There are certain things that are inevitable in life.

Taxes, death, and the shovel talk.

You can't evade any of them.

They are everywhere.

oooOOOooo

"Please meet my family," Skye shot me with her puppy dog eyes.

I looked away so I wouldn't be caught by her eyes.

"Lincoln, they want to meet you. It would mean a lot to me," she pleaded with me. I wished I was immune to her looks, but I found I was unable to resist her charms. This happened every single time she widened her eyes and stuck her bottom lip out. I kind of had a love/hate relationship with her bottom lip because of this.

I sighed, and we both knew it was the equivalent of me agreeing to meet her family. I might have been signing my own death certificate at the same time.

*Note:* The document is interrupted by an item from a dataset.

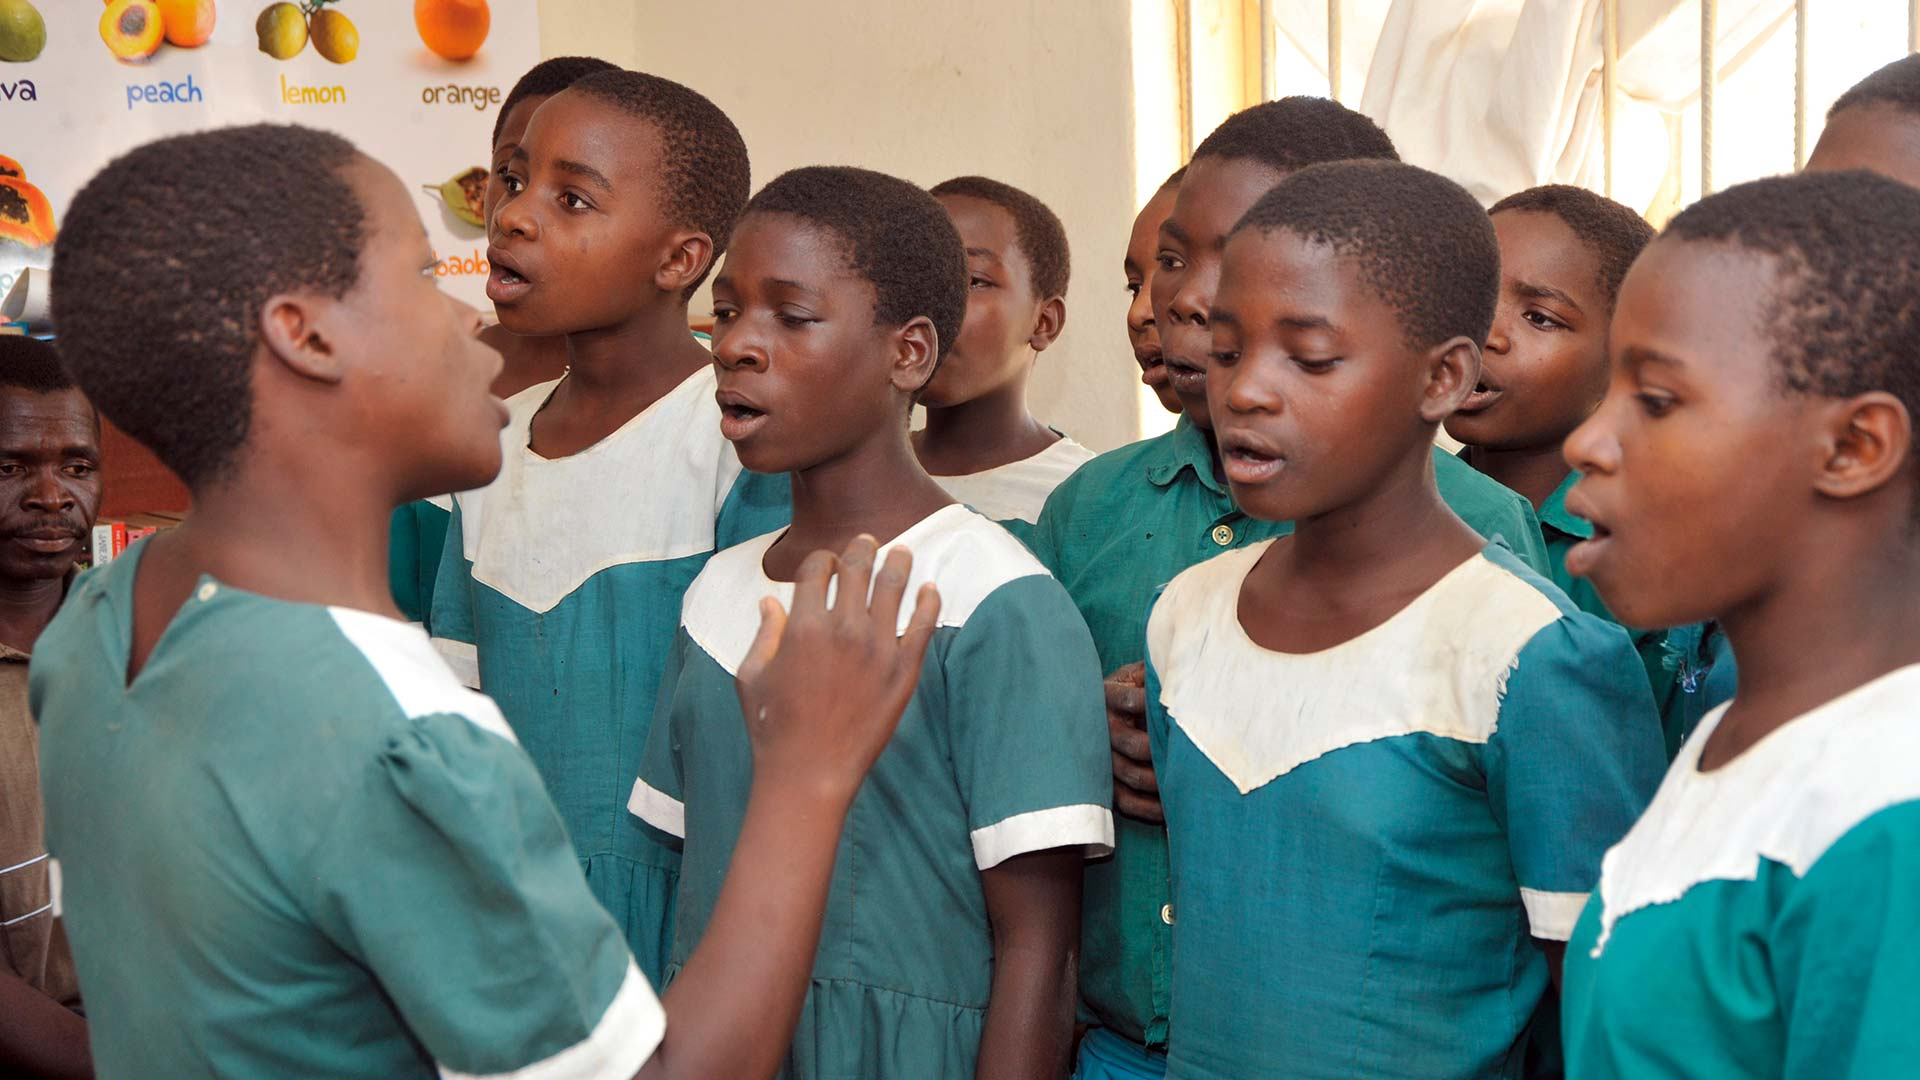 Malawian girl conducting a singing girl's choir

I knew that if I met her family, I would be chewed out and threatened and probably beat up for daring to look at her. Her family sounded wonderful of course, but they terrified me, with their history of fighting and taekwondo and jujitsu and karate and don't forget the class where they learn how to kill a man with one look and a pen. I quite like my body parts where they currently are.

But, if it would make Skye happy, then how could I argue?

I mean, how bad could it be?

oooOOOooo

"Okay, so Simmons is the biochemist, and Fitz is the rocket scientist, literally, and Coulson's the director, and Bobbi is the muscle and really good with a gun, and Hunter's the drunk actually he's kind of the protector but he's also really sarcastic and funny, then May, wow, you better look out for May, she can be kind of a handful make sure you don't get on her bad side, that would be ugly-" Skye was rambling again, but it was calming. I was worried and anxious to be aboard the infamous Bus and finally meet her family. She had told me a lot about every single one of her colleagues, and she respected them all, and loved them with all her heart, and I was wondering what would happen if they didn't like me. Would it affect our relationship? Would she dump me? Would she hate them because of it? What if she hated me because of it? I wasn't ready to lose her and I loved her, but I feared that her family might have something to say about that.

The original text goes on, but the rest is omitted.